Compared with the prior art, the invention has the following advantages and beneficial effects:

1. the system provided by the invention can acquire different news platform information and classify the news platform information, so that the problem of poor reading experience caused by the differentiation and inconsistency of a plurality of news platform information is avoided, and the influence of invalid news on readers is reduced.

2. In the invention, the technology of synonym forest is adopted in processing similar texts, so that the problem of synonym misjudgment is better avoided compared with the prior system.

3. The invention adopts the deep learning technology to process the abstract of the article, and avoids the defects of poor readability, incoherent content and the like of the existing abstract generation method, thereby enabling the abstract and the comment of the article to be more approximate to the standard natural language and improving the efficiency of reading news contents by readers.

4. The invention extracts and summarizes the comments, perfects the function of the news information aggregation system and further improves the efficiency of reading the comments by readers.

Drawings

Fig. 1 is a basic flowchart of an embodiment news information aggregation method.

FIG. 2 is a flowchart of an embodiment news classification step.

FIG. 3 is a flowchart illustrating summarizing news review content according to an embodiment.

FIG. 4 is a 5-level structure of an embodiment synonym forest.

Detailed Description

The present invention will be described in further detail with reference to examples and drawings, but the present invention is not limited thereto.

Example 1

A news information aggregation method based on data mining and deep learning comprises the following steps:

1. and crawling news and comments of a specified website platform, and performing data crawling on five news portal websites including a new wave, a search, an update, a network exchange and the world wide web by adopting a script crawler frame.

2. And classifying all news, and classifying the contents of each news by adopting methods such as a vector space model, a cos similarity value, a TF-IDF algorithm, a synonym forest and the like.

3. And generating an article abstract, and generating a text abstract by adopting an improved deep neural network structure.

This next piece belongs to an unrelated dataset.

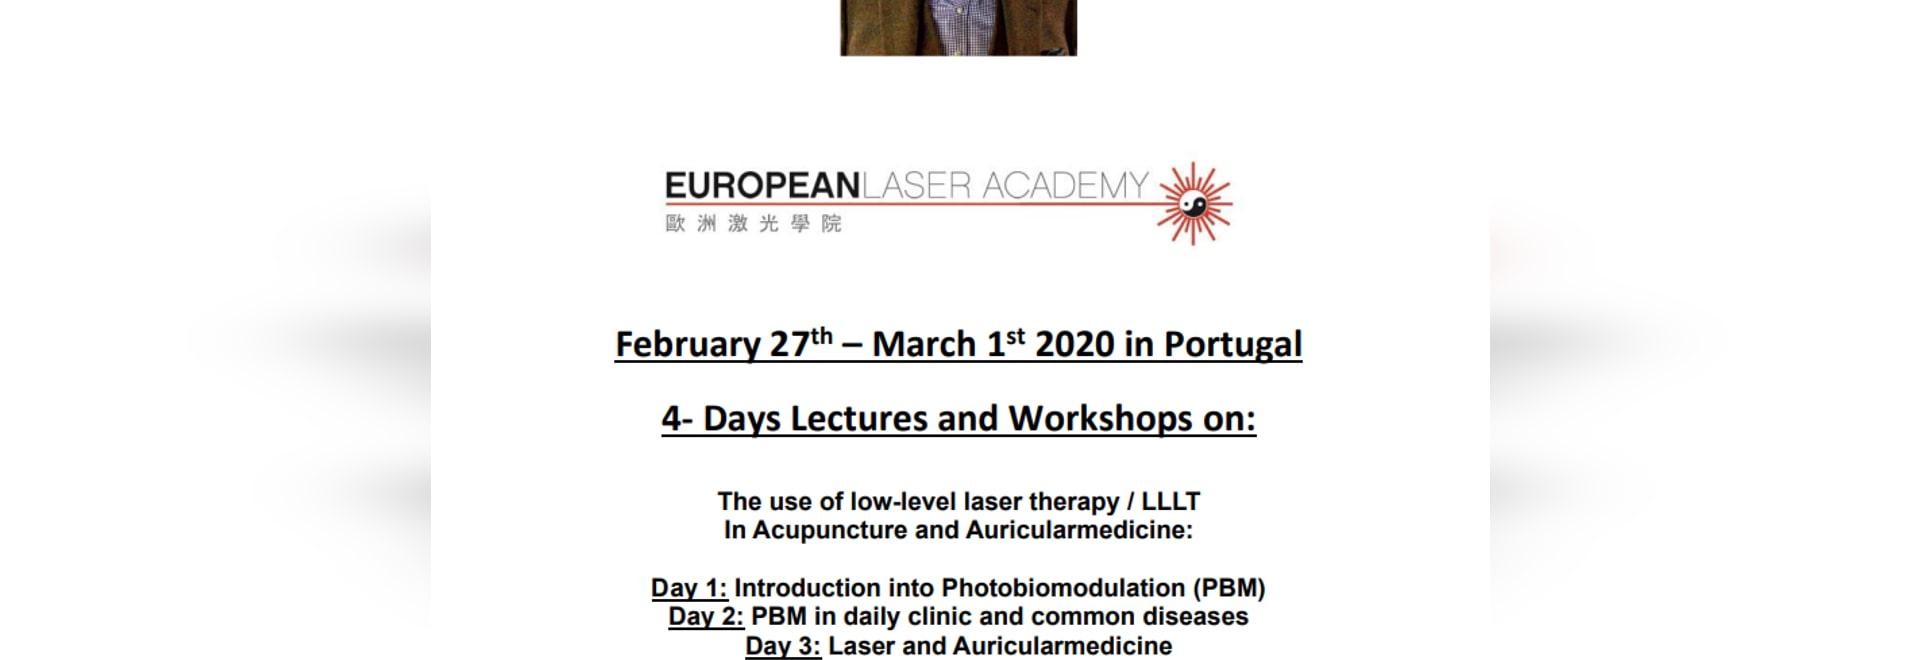 Laser Seminar at Algarve Portugal from Febr 27 til March 01. by Dr Michael Weber MD CM Acup Laser Specialist from Germany.

4. And summarizing the comments corresponding to the news, and directly extracting key comments by adopting a TF-IDF algorithm through preprocessing the comment text to summarize the text.

Step one, data crawling.

And (4) crawling a crawler frame to crawl five news portal websites including new waves, search foxes, Tencent, network easiness and the world Wide Web. The Scapy is a data grabbing frame of Python, and can be used for grabbing data from a webpage end and saving the data to the local.

And step two, classifying the obtained news.

(1) The main flow of classifying local news is shown in fig. 2.

(2) Vector space model and cosin similarity value

To classify downloaded news content, the problems that need to be solved are: given two texts, how to judge the contents of the two texts are approximately the same.

Treating a text as a space vector

Length in this dimension, such that a text is completely converted into a vector in space. For example, if the content of a text segment is "today beijing rains, i is happy", then the result of word segmentation is "today/beijing/raining/,/i/very/happy", the text segment can be regarded as a vector in a seven-dimensional space, and the vector representation is:

[1 1 1 1 1 1 1]^T

the numbers in the corresponding rows are sequentially "today", "beijing", "raining", "i", "very", ". At this time, the text is abstracted into a vector for representation. Assuming that there are now n texts, there are n such vectors, and the space in which these n vectors are located is made up of the dimensions represented by all the non-repeated words in the n texts. In order to judge that two texts are similar, the included angle cosin value of the corresponding vectors is calculated, the closer the value is to 1, the more similar the two texts are, and the closer the value is to 0, the more dissimilar the two texts are.

For example, if there are three texts:

the content of the first text is "wherever we are, i amAll feel happy, the word segmentation result is — "no matter/we/what/where/,/we/all/feel/very/happy";

the content of the second text is "we find happy wherever, the word segmentation result is-" we/anys/on/what/where/all/felt/very/happy ";

the content of the third text is "today we are happy because today is friday", the segmentation result is- "today/we/very/happy/,/because/today/friday".

the first text:

the second text:

the third text:

then, the similarity between the three texts is calculated, and two vectors are assumed

And

cosin similarity of text one and text two:

cosin similarity of text one to text three:

cosin similarity of text two to text three:

from the calculation result, it can be known that the similarity between the text one and the text two is the highest, and the similarity between the text two and the text three is the lowest. In practical applications, a threshold may be set, for example, if the calculated similarity exceeds 0.75, the text content is considered to be almost the same, and punctuation marks obtained during word segmentation or various words such as "yes" and "on" should be eliminated.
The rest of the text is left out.